36      Ten tweede betogen verzoeksters dat zij rechtstreeks en individueel worden geraakt door het bestreden gunningsbesluit. Zij voeren namelijk aan dat zij om te beginnen op dezelfde markt actief zijn als de inschrijvers aan wie de betrokken opdracht is gegund en dat zij bovendien in staat waren om robots te leveren die voldeden aan de kwaliteitscriteria zoals die worden beschreven in het gunningsbericht. Zij betogen dan ook dat zij in aanmerking zouden zijn gekomen om deel te nemen mocht de Commissie een openbare aanbesteding hebben uitgeschreven met het oog op de gunning van een raamovereenkomst.
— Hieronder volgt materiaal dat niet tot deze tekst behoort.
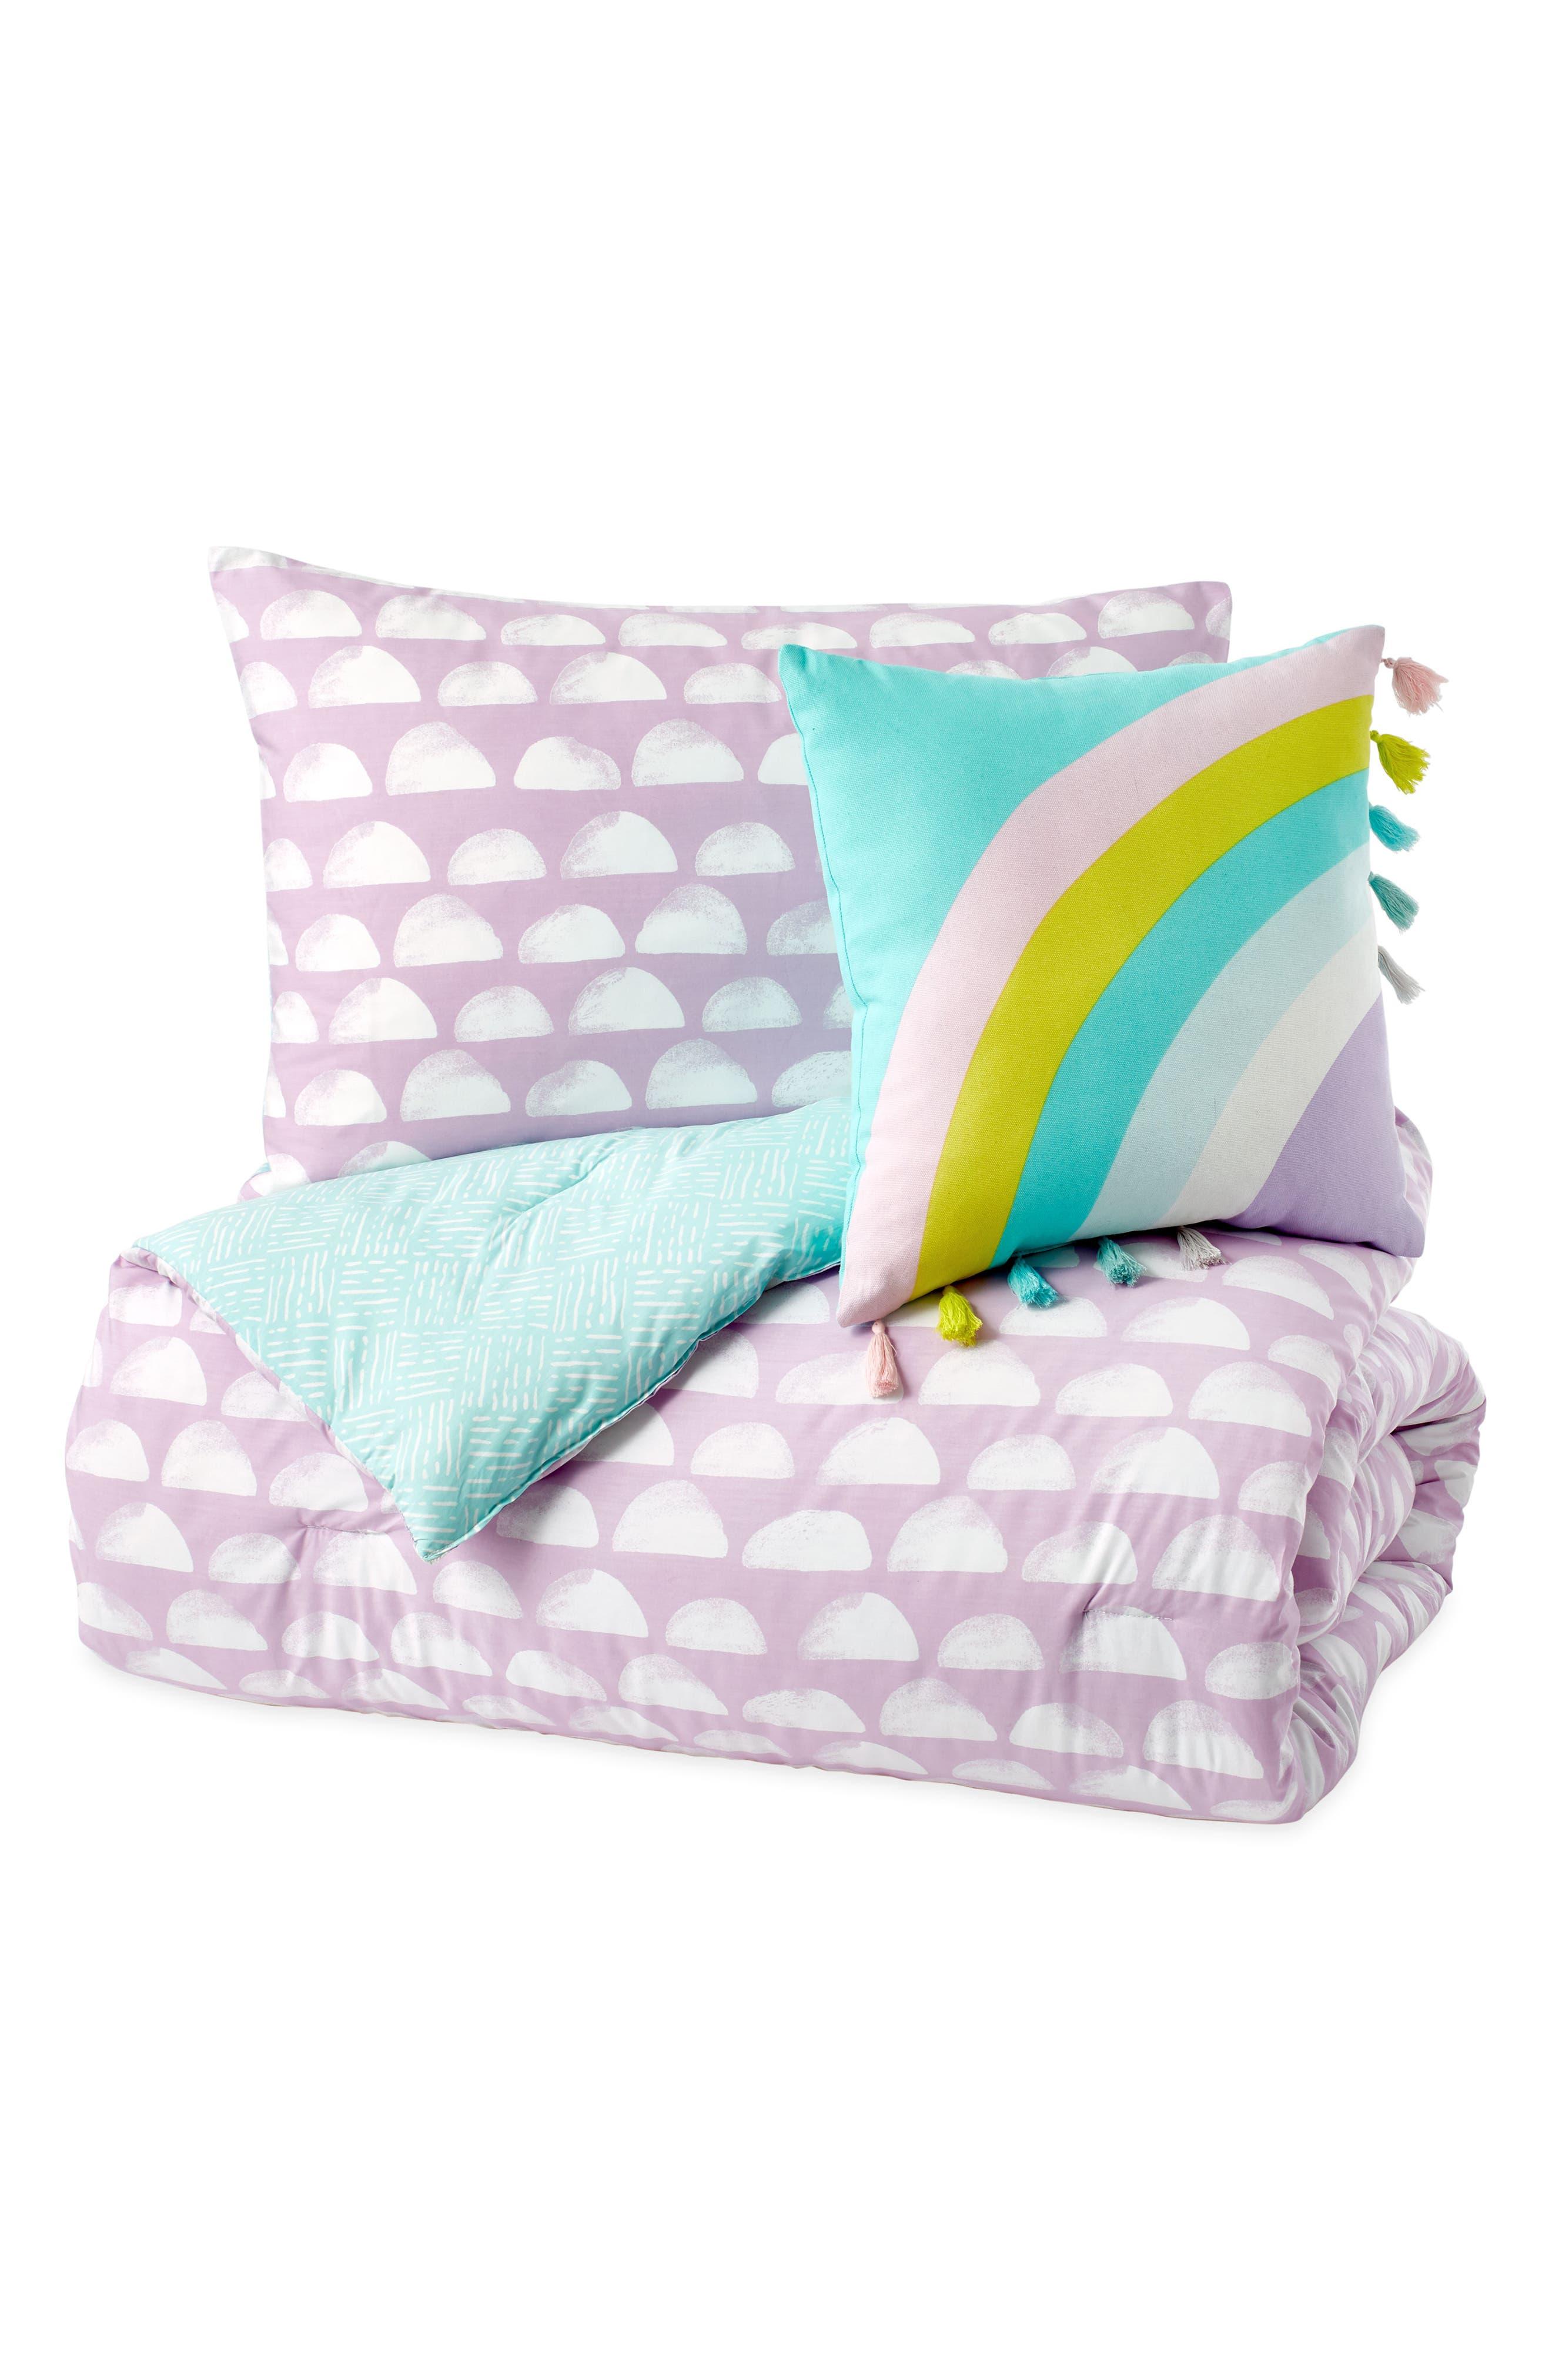 DKNY, Over the Moon Comforter, Sham & Accent Pillow Set, Alternate thumbnail 3, color, PURPLE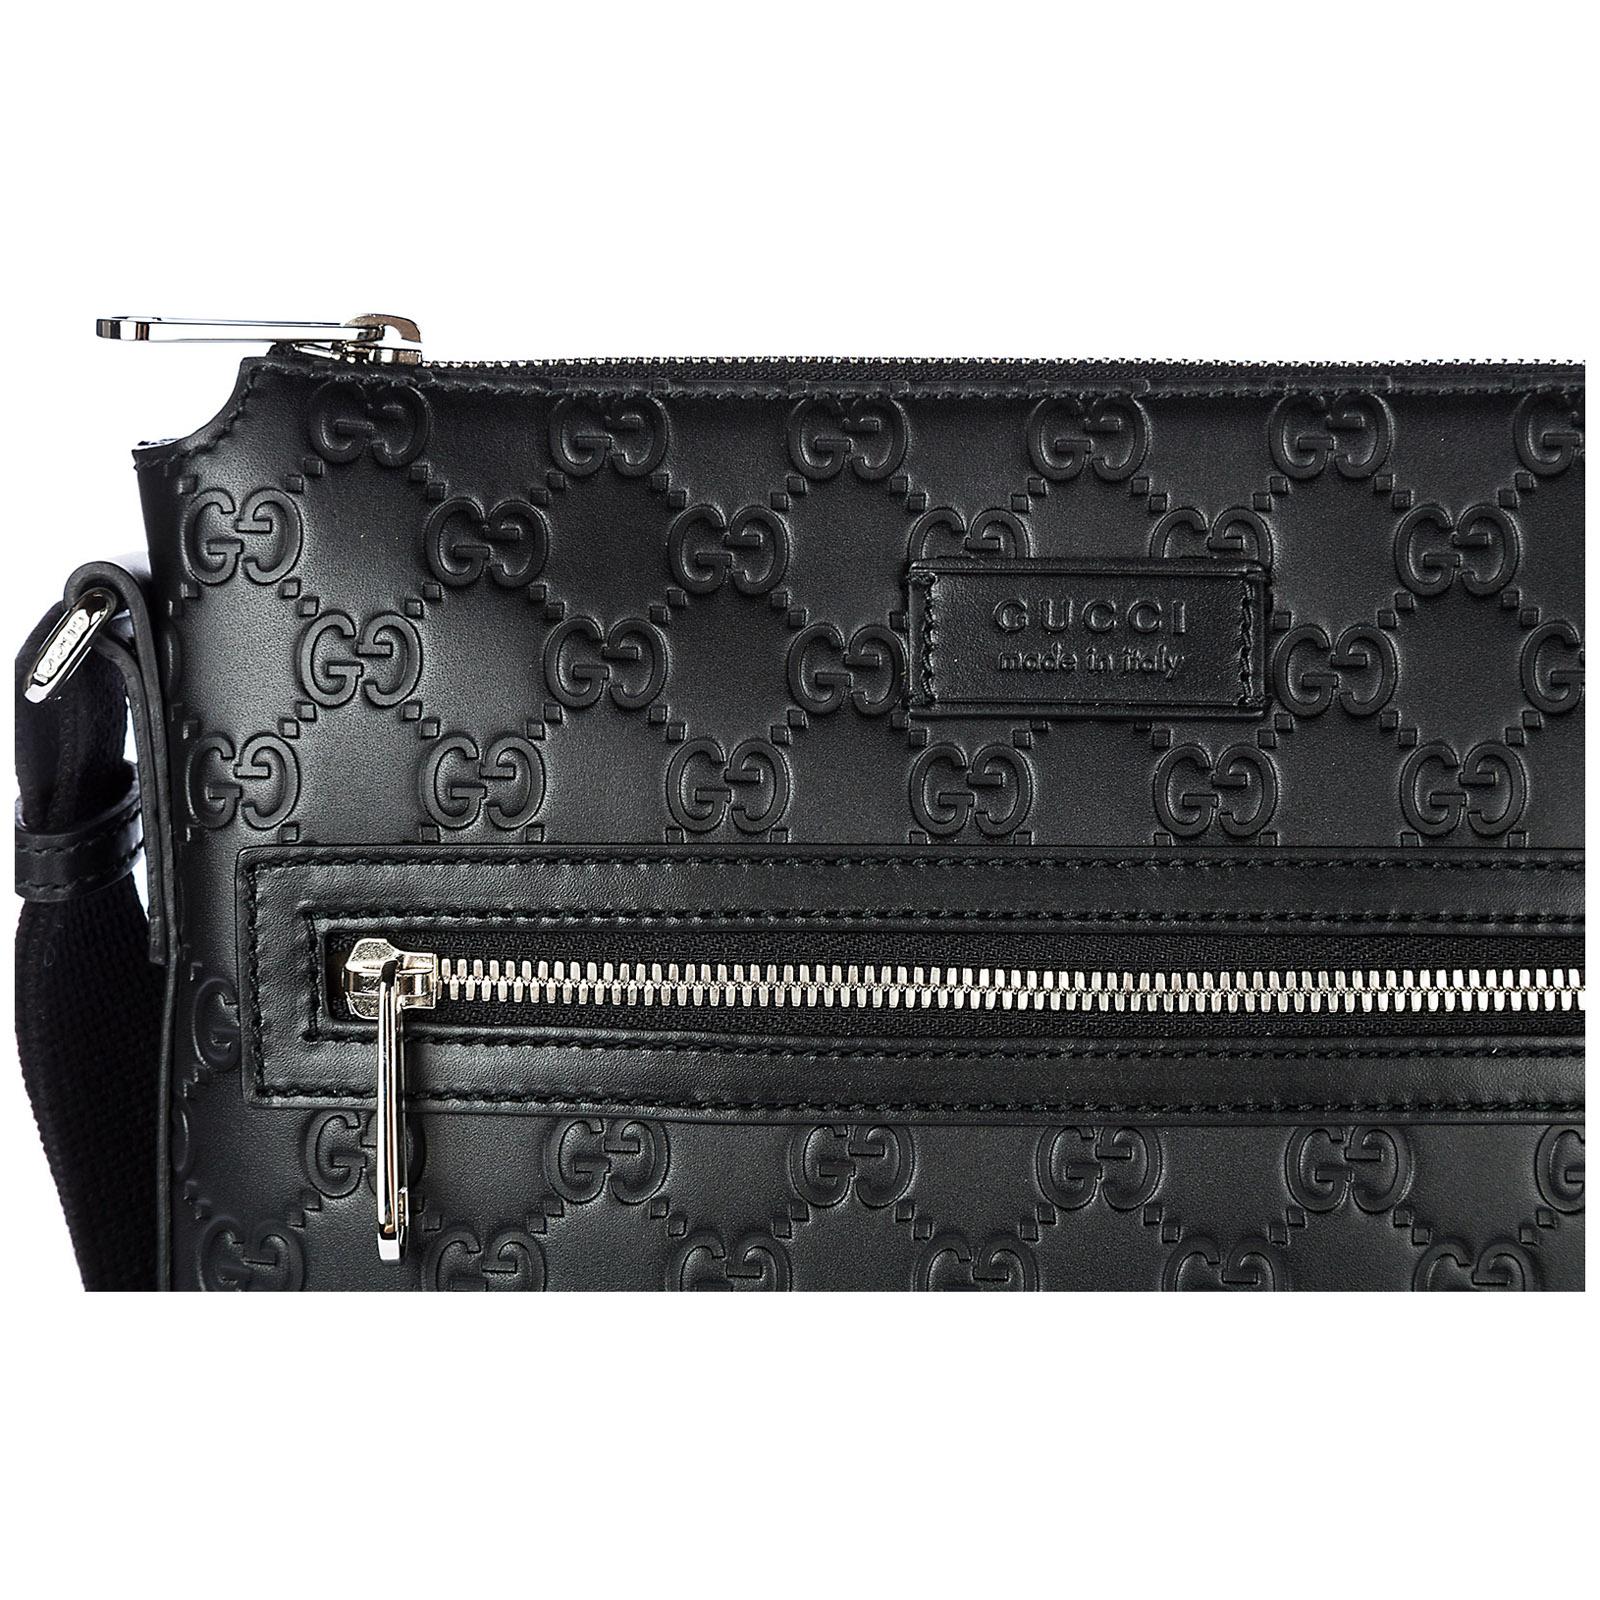 03799f61f004 Gucci Men s leather cross-body messenger shoulder bag signature

37      Zoals in punt 21 hierboven in herinnering is gebracht, vormen alleen maatregelen die bindende rechtsgevolgen in het leven roepen die de belangen van derden kunnen aantasten doordat zij hun rechtspositie aanmerkelijk wijzigen, handelingen waartegen beroep tot nietigverklaring kan worden ingesteld, en vormen alleen dergelijke maatregelen handelingen waartegen kan worden opgekomen.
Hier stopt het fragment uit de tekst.